I think I was stunned into silence. As soon as he was out of sight I turned to my friend and said, “Holy shit! Did you see that fucking guy?” It was obvious to me that she hadn’t, and for that I was glad. One less person who has that image scarred on their retina. I recounted what I had witnessed and was met with multiple “Ewws”. I quickly remembered why I don’t like to take night trams.
One of the things that I refuse to get used to is harassment – in any form. A strange man shaking his genitals, an ass grab at a bar, yelling at me from across the street how “hot” or “fuckable” I am. It’s all harassment, and it will never be second nature as long as I continue to get pissed off about it.
Walking toward my house, I made eye contact with a guy walking the opposite way on the other side of the street. I looked away. He did not. He kept staring at me, slowly turning his head a full 180 to keep staring at me as I walked up my driveway. It was completely silent, less than 30 seconds, and he was pretty far away from me, but I still felt shaken and threatened, and at the same time silly for feeling so threatened when nothing “really” happened, and angry that something so small means so much.
I had never lived in a city before this summer, and it took a while for me to get used to the unending comments I heard on the street. They always made me feel uncomfortable, and I found listening to music protected me the most on my walk to work.

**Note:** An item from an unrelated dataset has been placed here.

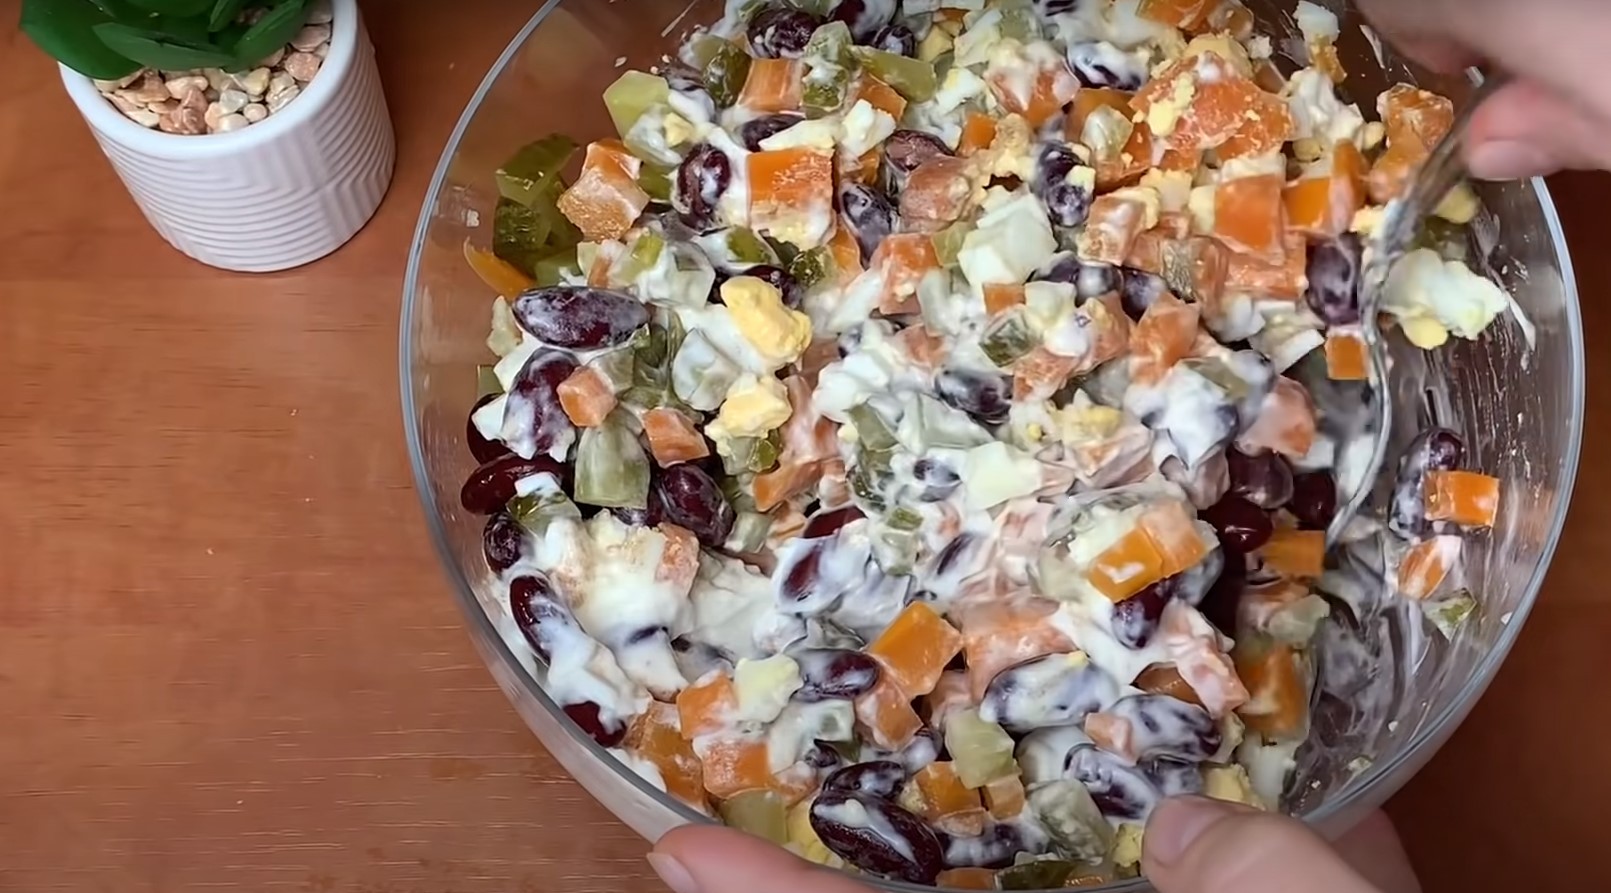 Салат с фасолью и крабовыми палочками - очень вкусный рецепт с фото

My last week of summer work, I had run out of power to listen to my music so I was walking around without my usual guard up. I started to notice someone yelling, “Bitch!” at me as I was walking. At first I ignored it, but the yelling got worse when I turned around.
When I got to the cross walk and it looked like me and the man who was yelling at me would be standing together, I decided to walk off to the side and stand by a populated bus stop until he passed. As he walked across the street, he hatefully spewed, “bitch,” and “white cunt” with “privileged pussy” my way.

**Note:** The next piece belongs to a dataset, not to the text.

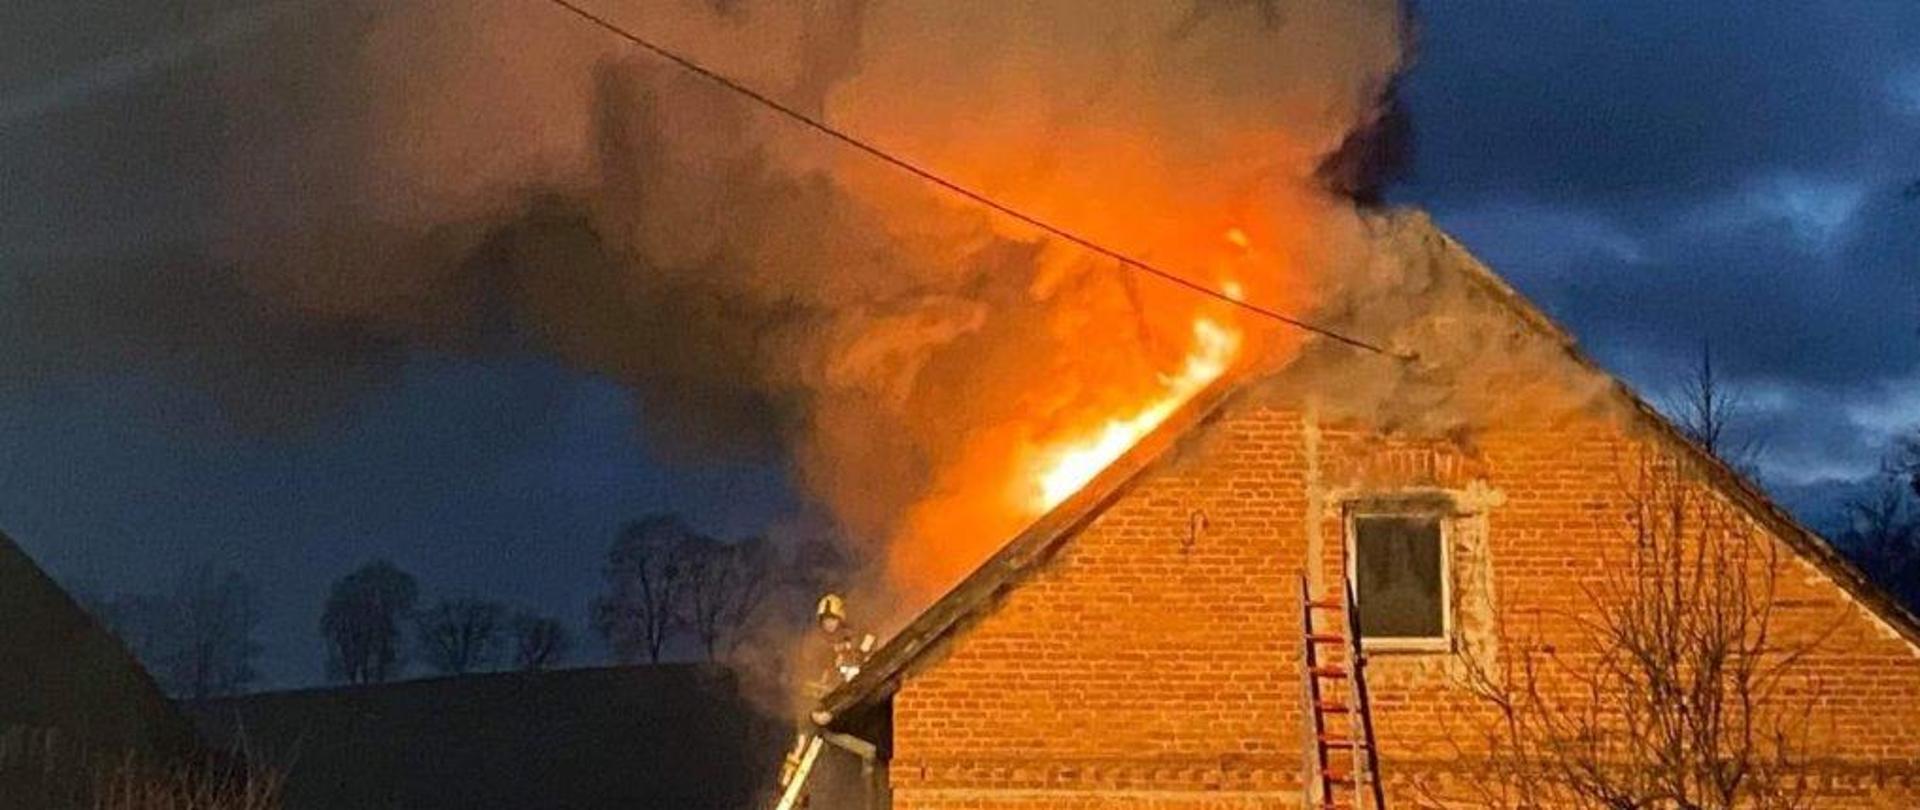 Zdjęcie przedstawia dach budynku mieszkalnego objęty pożarem

I didn’t know what to do; I just wanted to go home. After I crossed the street, he turned around to see me again. He stopped dead in his tracks and threatened me until I crossed the street again to walk on the other side.
I was wearing sunglasses, so no one could see me cry on my way home. I don’t let anyone talk to me like that, but he was so much bigger and filled with so much anger. I felt so powerless and so small.
Saturday night at about 8pm I parked on Little Raven street, at the far end of the mall from the Denver Library, where I was heading to drop off some books in the drop box. I made it to the library and successfully dropped off my books in about fifteen minutes. Walking back from the library to the mall (which involves walking down the street between a city park and the Denver capital lawn), a man started following me. I sped up, he did too. First, he just tried talking to me, to get me to stop. I responded, but kept walking. Then he asked me if I could sell him a bowl. I said no and kept walking. After crossing Colfax, I was passing the bus station when he angled his walking and tried to cut me off against the wall.
I ran into the bus station and went straight to the security guard. He followed me into the bus station, and the security guard made him go away for me. After I watched him go out of view, I walked out of the bus station to catch the Free Mall Ride down 16th street mall. A stop later, he got on the mall ride and started staring at me. I work on the mall at a place in which my coworkers are predominantly males, so I got off the ride and went to my work with the hope of losing him based on the intimidation factor of other males.
I waited 15 minutes, then tried to leave. I was partway down the block when he walked up next to me and said “hi”. I turned around and went back to work and waited for them to finish closing so I wouldn’t be walking alone. I didn’t get to my car till past 11pm.